# New engraved LCP



## cruzthepug (Mar 16, 2008)

I was wanting to get a pocket gun to carry during the summer while wearing shorts. I went to my favorite shop this morning to check out what they had. I was really wanting a 9mm and was even thinking about a 9mm derringer. After talking to a couple of the sales guys and looking and handling several I decided to get the Ruger LCP. I really liked the look of the bi-tone with the stainless slide but when they showed me the engraved slide model and told me it was on sale, I just couldn't justify paying $50 more for the stainless slide.

Not only did I pick up the little Ruger they also had primers (Federal and CCI) for $30 a brick and I was told they had bought 500,000 primers and they would be that price while they lasted. I picked up some small pistol and small rifle.

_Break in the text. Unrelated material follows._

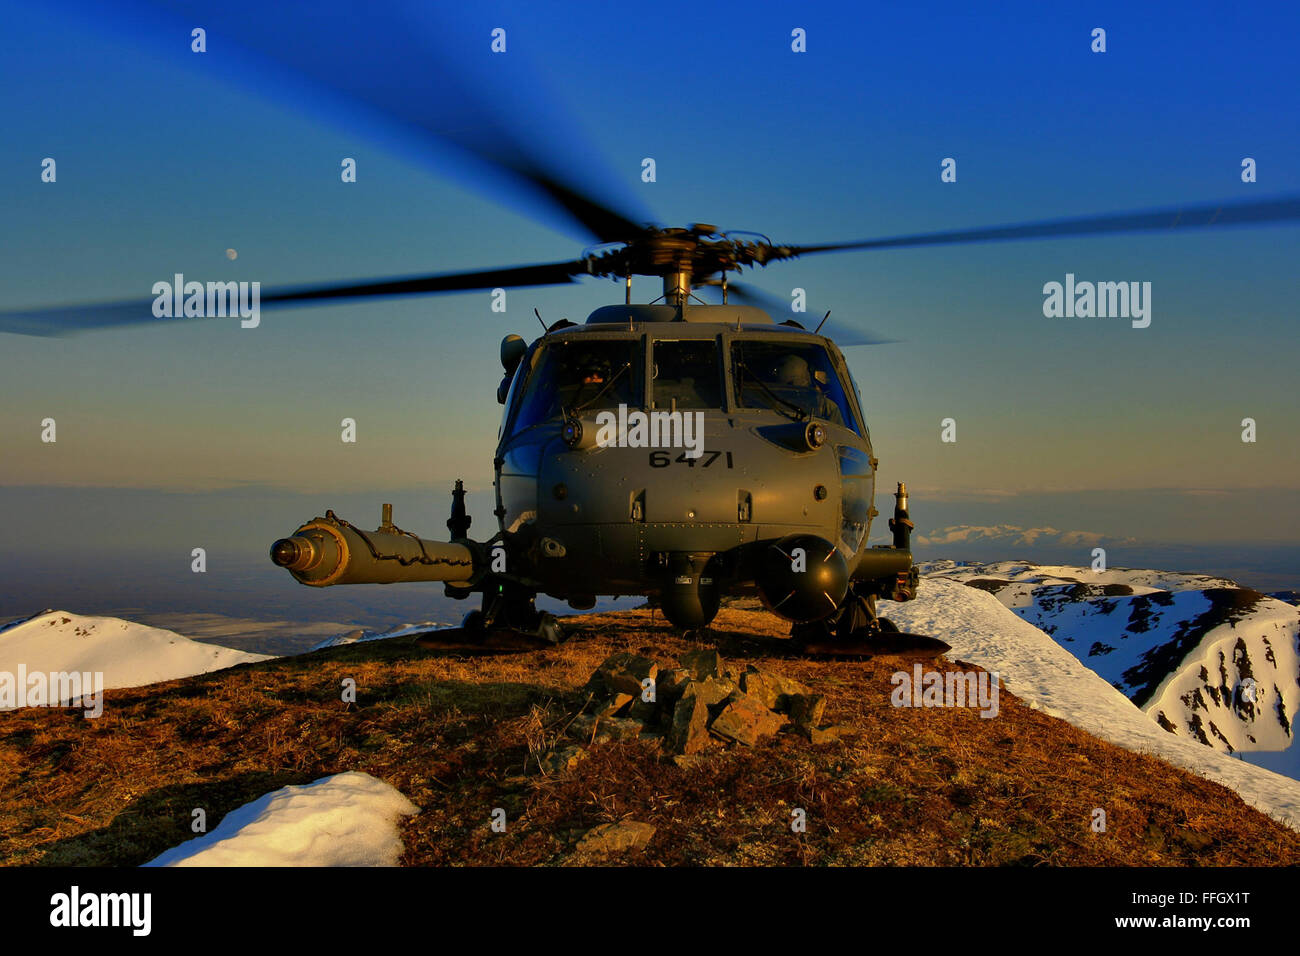 La Guardia Nacional Aérea de Alaska HH-60G allanar Hawk prácticas operaciones de aterrizaje de gran altitud. La misión primordial de la allanar Hawk helicóptero es para conducir de día o de noche el personal de operaciones de recuperación en entornos hostiles para recuperar personal aislado durante la guerra. Foto de stock

I'll probably stop by next payday and pickup a couple more bricks.


----------



## James NM (Jan 4, 2007)

The slide is pretty, but not what I would pick for a pocket gun.

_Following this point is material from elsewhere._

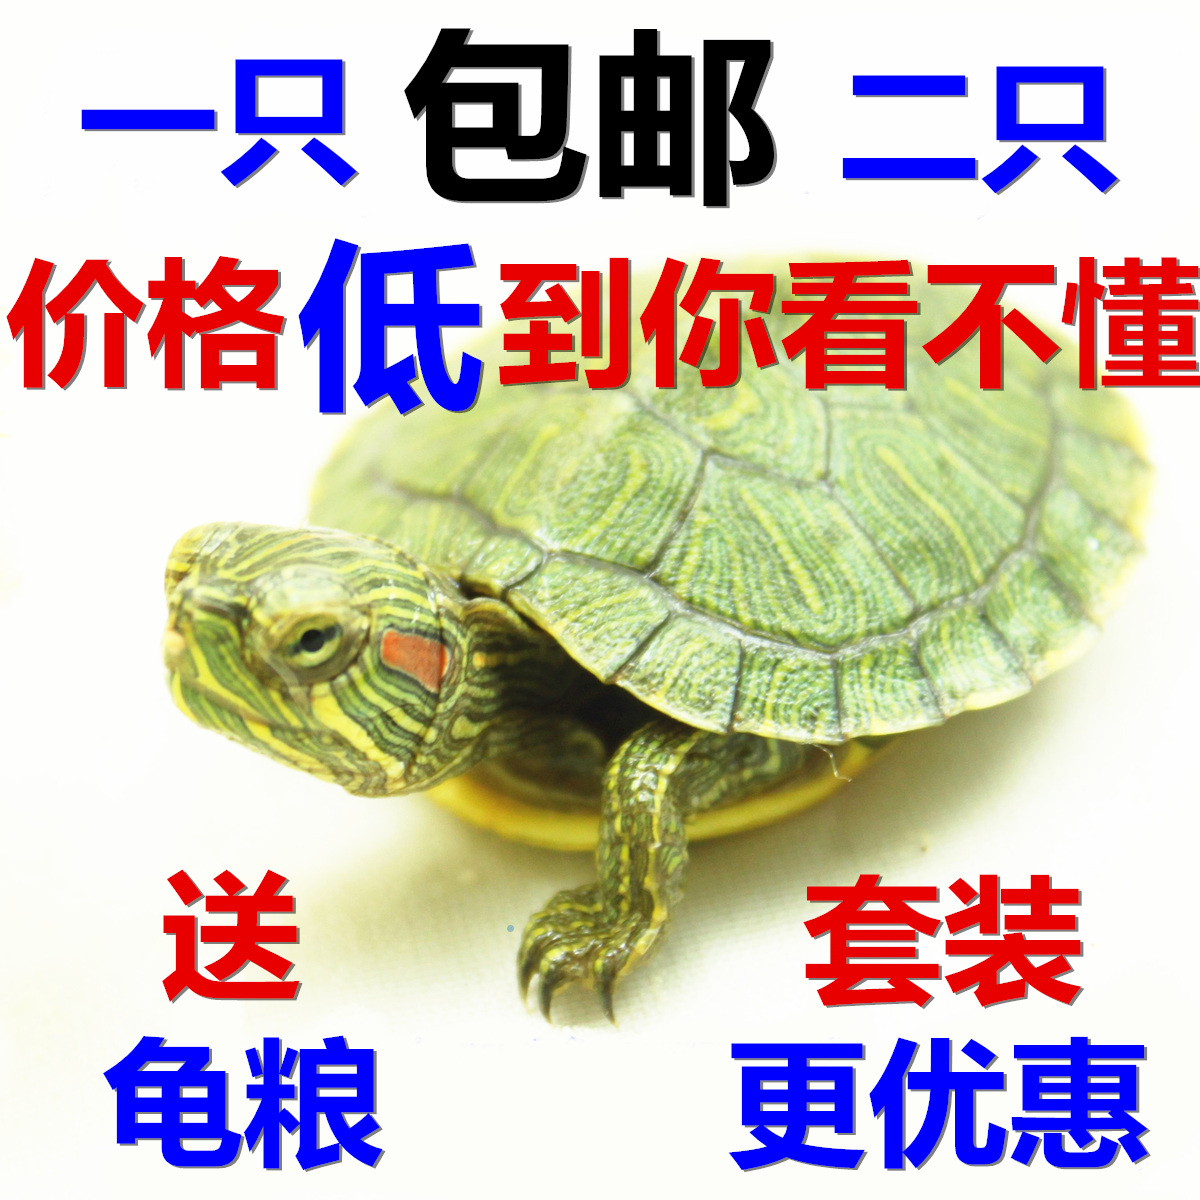 2016宠物小巴西龟苗 活体水龟活体乌龟 小巴西彩龟(免费包装)全品

I sometimes carry the Keltec version in a front pocket, and the blued slide and high desert New Mexico summer heat cause rust problems. My preference for a slide finish would be stainless, or even better, hard chrome. When I bought mine several years ago, blue was the only choice.

That slide is too purdy for pocket wear and tear.


----------



## cruzthepug (Mar 16, 2008)

James NM said:


> The slide is pretty, but not what I would pick for a pocket gun.
> 
> I sometimes carry the Keltec version in a front pocket, and the blued slide and high desert New Mexico summer heat cause rust problems. My preference for a slide finish would be stainless, or even better, hard chrome. When I bought mine several years ago, blue was the only choice.
> 
> That slide is too purdy for pocket wear and tear.


It probably won't see that much use. My everyday carry is a stainless Kimber Ultra Carry and it will get carried 90% of the time.


----------



## cruzthepug (Mar 16, 2008)

Took the LCP to the range today to see what it likes to eat. Fed it 2 different HP's, and RN FMJ and a FN FMJ it likes all of them.

First 5 shots from 7 yds


----------



## dondavis3 (Aug 2, 2009)

+1 cruzthepug

I love the looks of your Ruger LCP.

I carry one all the time in a DeSantis Nemesis Holster .

Nice shooting to.

:smt1099


----------



## BeefyBeefo (Jan 30, 2008)

Nice weapon!

As noted above, probably not something I'd want to carry in my pocket reguarly. _But_, you said it probably won't see much use.

Very nice! :smt023


----------



## cougartex (Jan 2, 2010)

Very nice.


----------



## recoilguy (Apr 30, 2009)

Nice looking LCP for sure!!!

RCG


----------



## Handgun World (Oct 28, 2009)

I just got one last week like yours. Mine has LCP engraved on the top of the slide too. Mine will get carried and shot a lot!


----------